A new drug developed from bacterial flagellin appears to prevent tissue damage caused by radiation. The work is based on previous studies that cancerous cells use nuclear factor kappa-beta--a transcription factor, or protein that turns on or off a gene's protein-making ability--to outlive normal cells and achieve runaway cell growth.

But healthy cells in the gut switch on the same transcription factor when they interact with benign and beneficial bacteria that reside there. Specifically, the protein flagellin in some of the microorganisms' whiplike tails [flagella] (which they use for propulsion) binds with a receptor on the gut cell and triggers the production of the transcription factor.


(E. coli bacterium powered by flagella)

Molecular geneticist Andrei Gudkov, chairman of the cell stress biology department at Roswell Park Cancer Institute in Buffalo, N.Y., and his colleagues injected purified flagellin into mice just before exposing them to lethal doses of radiation.

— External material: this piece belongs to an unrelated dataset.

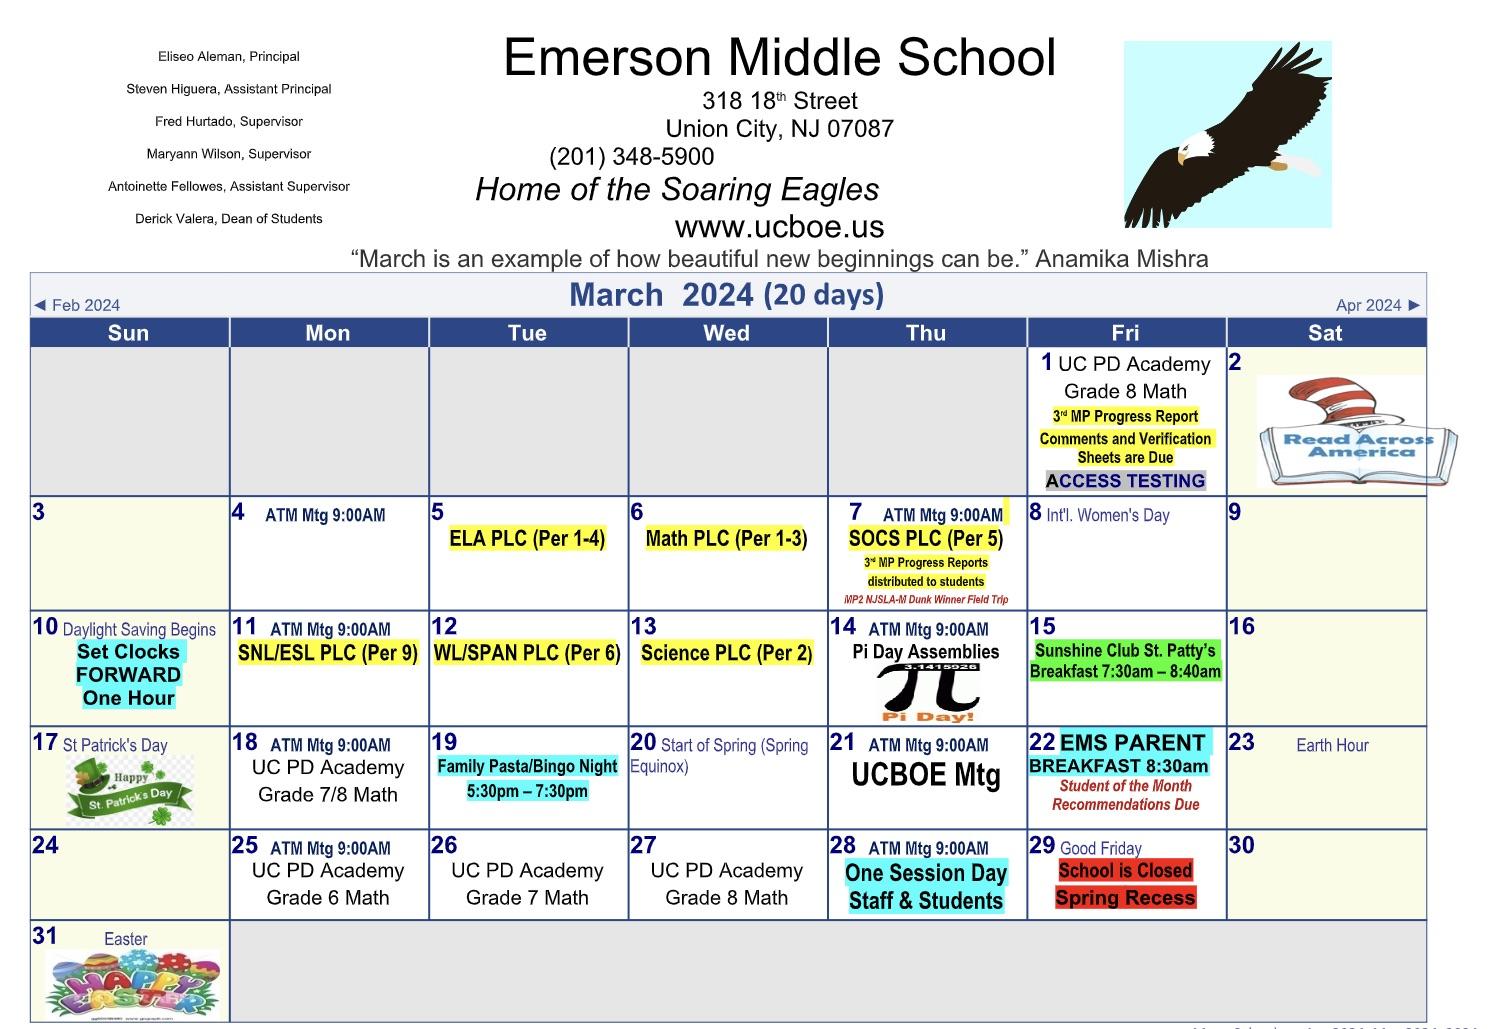 Emerson Middle School March 2024 Calendar

The injection appeared to protect the cells of the mice; it also seemed to toughen them against the effects of free radicals and in general beef up their immune systems.

Mice without the injection died following exposure.

The researchers have based a new drug called CBLB502 on flagellin; it protected 87% of the mice from lethal doses of radiation. The new drug, called Protectan, could be used in a variety of contexts.

If given no more than one hour before radiation treatments, it could protect human patients undergoing treatments involving radiation. It could also provide protection to rescue workers called in to help with a "meltdown" or other release of radiation at a nuclear power plant.

Science fiction fans received an early dose of this idea. In The Deadly Years, a Star Trek episode first broadcast in December, 1967, the Enterprise investigates a mysterious illness at an experimental space colony. When it is found that the colonists (and some members of the Enterprise) were exposed to radiation, Dr. McCoy prepares an injection of Hyronalin, a special drug that counters the effects of radiation.

Read more about this drug research at Scientific American; thanks to Winchell Chung for the tip and the sf reference for this story.

Scroll down for more stories in the same category. (Story submitted 7/18/2009)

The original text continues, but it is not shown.